ONE of the major draws for many people to Bali is the abundance of high quality goods produced by skilled artisans. For centuries the Balinese have been renowned for their superb craftsmanship when it comes to producing jewellery, wood carvings, paintings, textiles and handicrafts to name a few, and their traditional methods and adroitness continue on today. Local products can be found in tourist shops around the island, and handicrafts exports add a huge boost to the economy.
However, the sad fact is that many of these hard working artisans receive only a small percentage of the benefits that their products bring. Craft producers rarely know to whom, or to which countries their products are being sold or traded and at what price. Employers and middlemen may not offer a fair deposit before the artisans start work or a fair price after the work is done, and in some circumstances they may not pay at all. In the end it is mainly the middlemen and the shop owners who reap the benefits of the products.

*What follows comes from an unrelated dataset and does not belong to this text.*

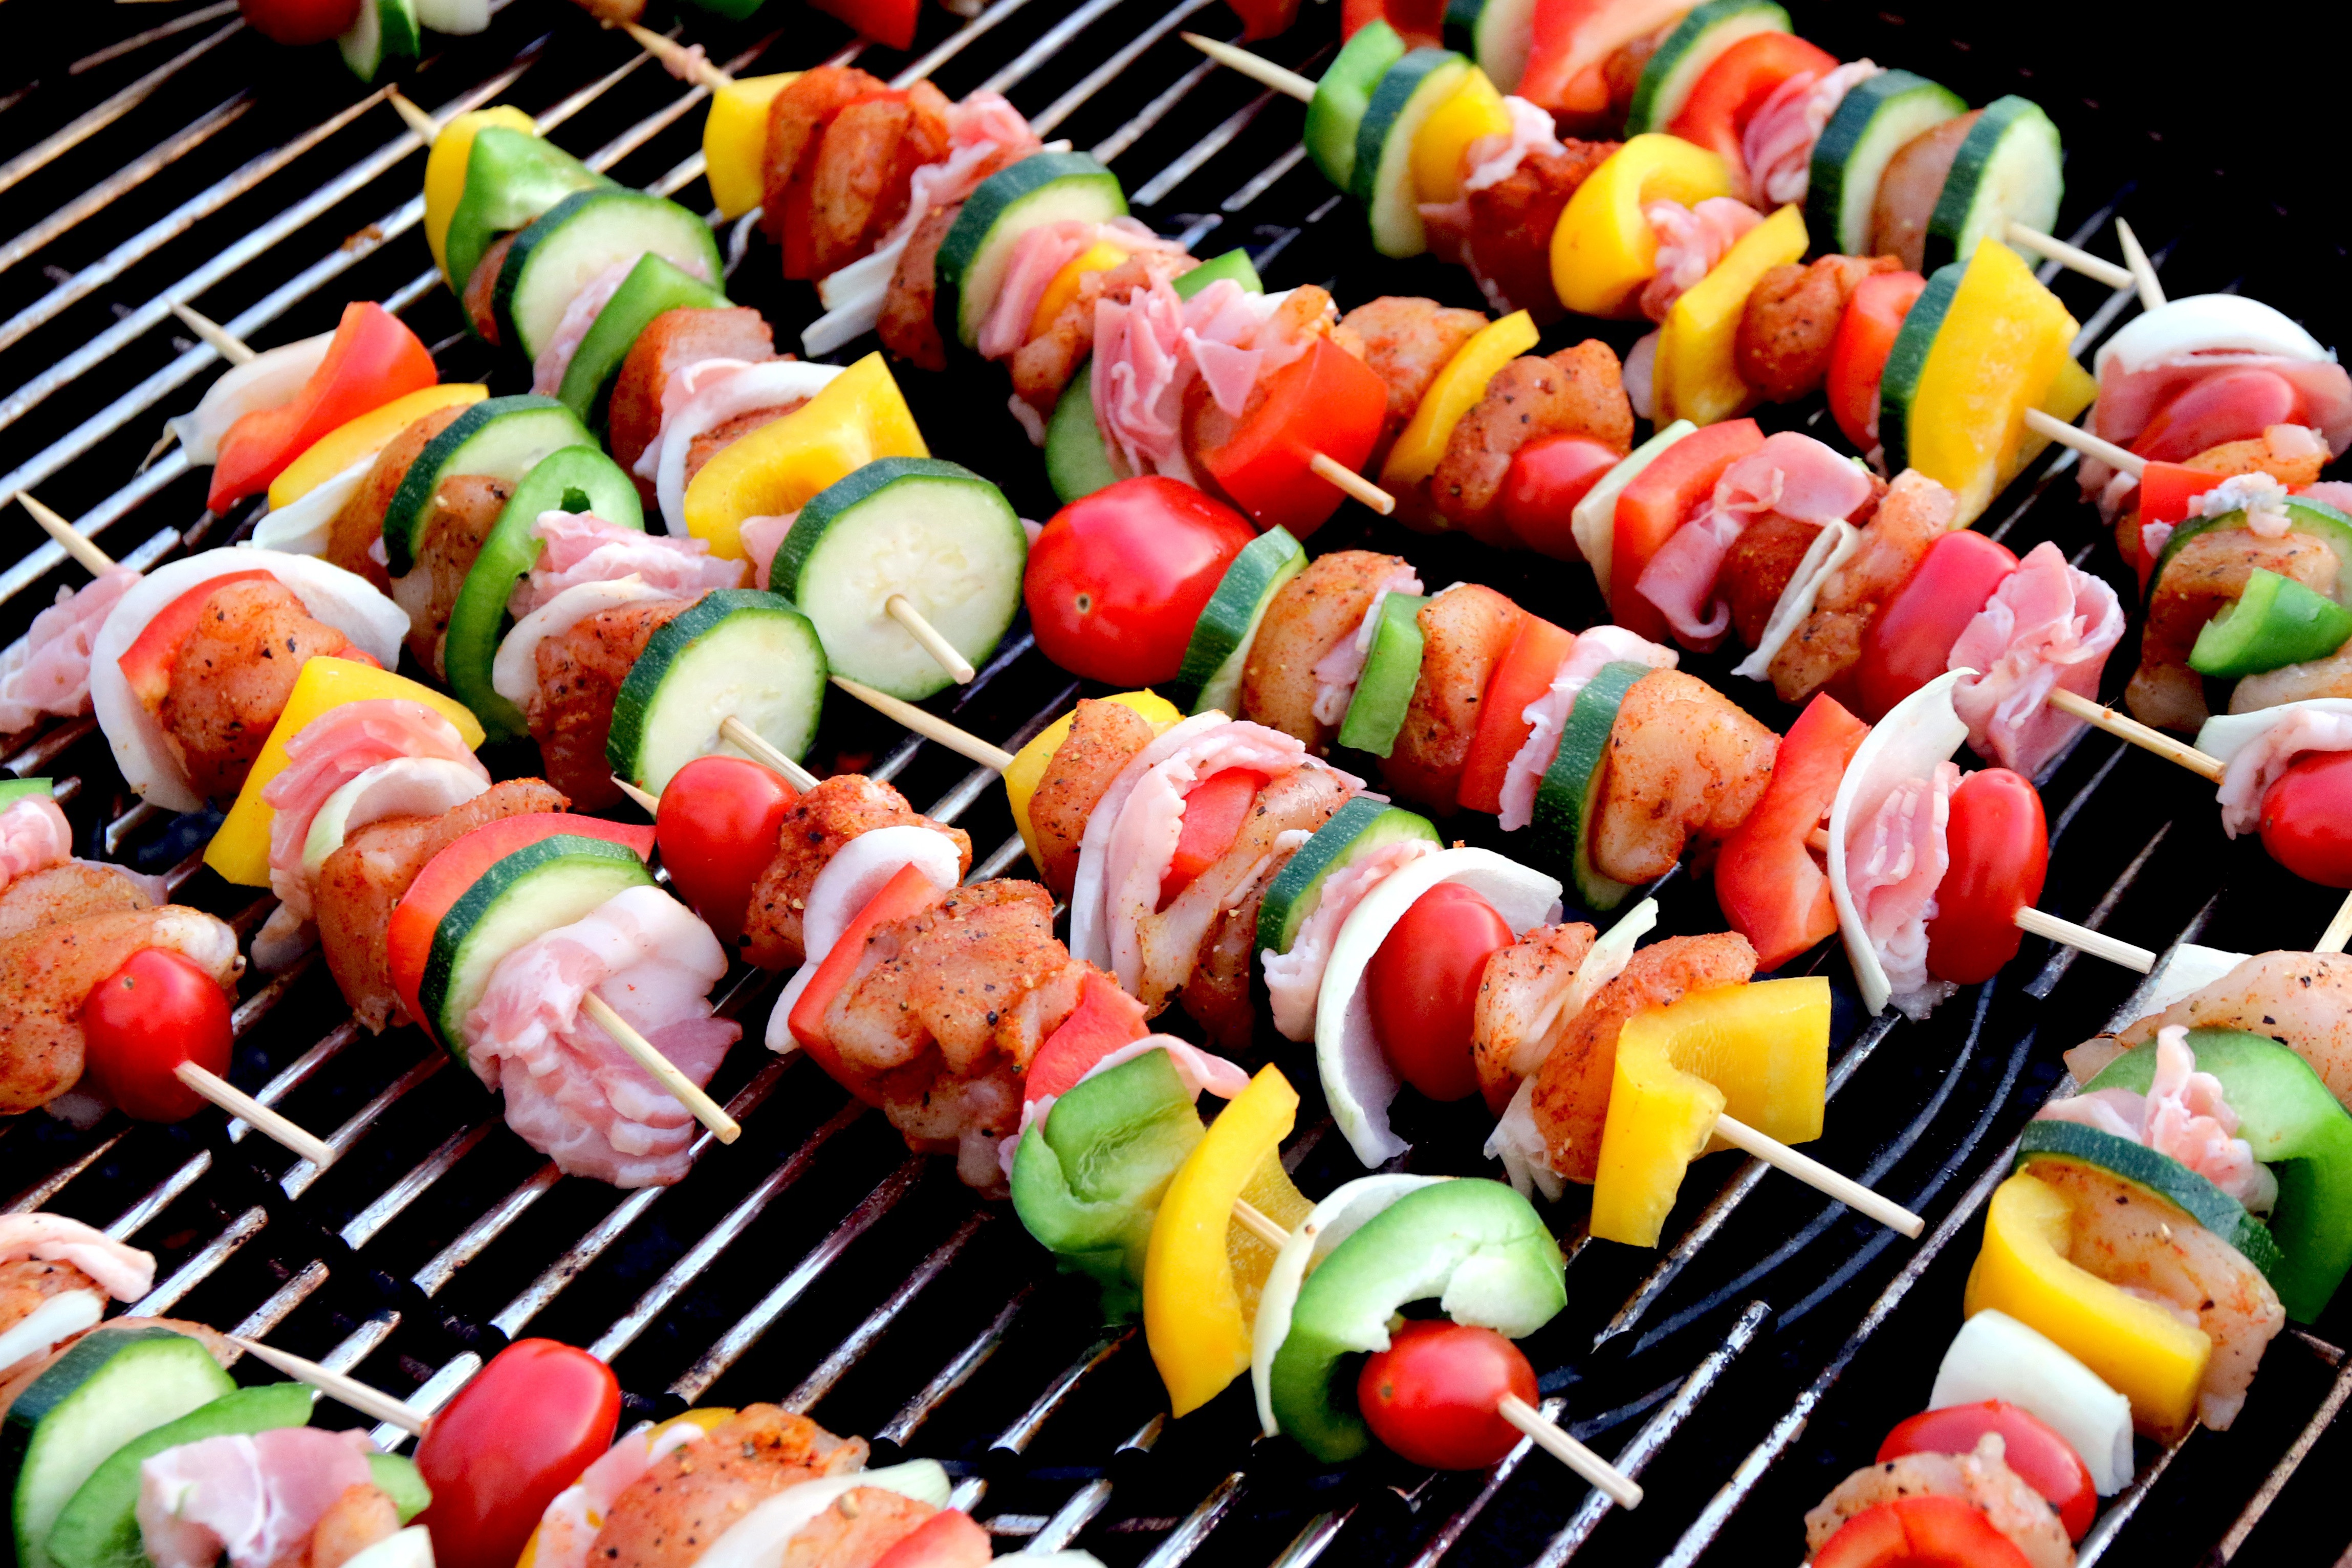 Shish Kebabs Free Stock Image and Picture.

It is this inequality and exploitation that prompted Agung Alit to found Mitra Bali in 1993. His aim is to engage craftsmen in the tourism industry so that they are empowered in their work and lives. In this way, he hopes to eradicate exploitation, decrease poverty and find a better balance between the rich and the poor. To do this, Mitra Bali has become actively involved in assisting marginalised craft producers to understand fair trade and develop a fair trade model.
Mitra Bali works on the core fair trade principles of clear dialogue and transparency, equality and mutual respect in trading partnerships. They calculate fair payments with producers based on a percentage of the sale price of the products, and the producers receive 50 per cent of the total payment up front. They also offer artisans free training workshops on design and product development, interest free loans, emergency and old age benefits, and funds to build clean water supplies and toilets in villages and support village cooperatives and farmers.
Craftsmen also work closely with Mitra Bali’s product design, development, and marketing teams to keep on top of the latest sales trends in the global market and interesting innovations. The artisans can then draw on their traditional skills and source appropriate local materials to create high quality products that sell. You can find a range of locally produced products in the Mitra Shop on Jalan Monkey Forest in Ubud including homewares, home decor, gifts and jewellery.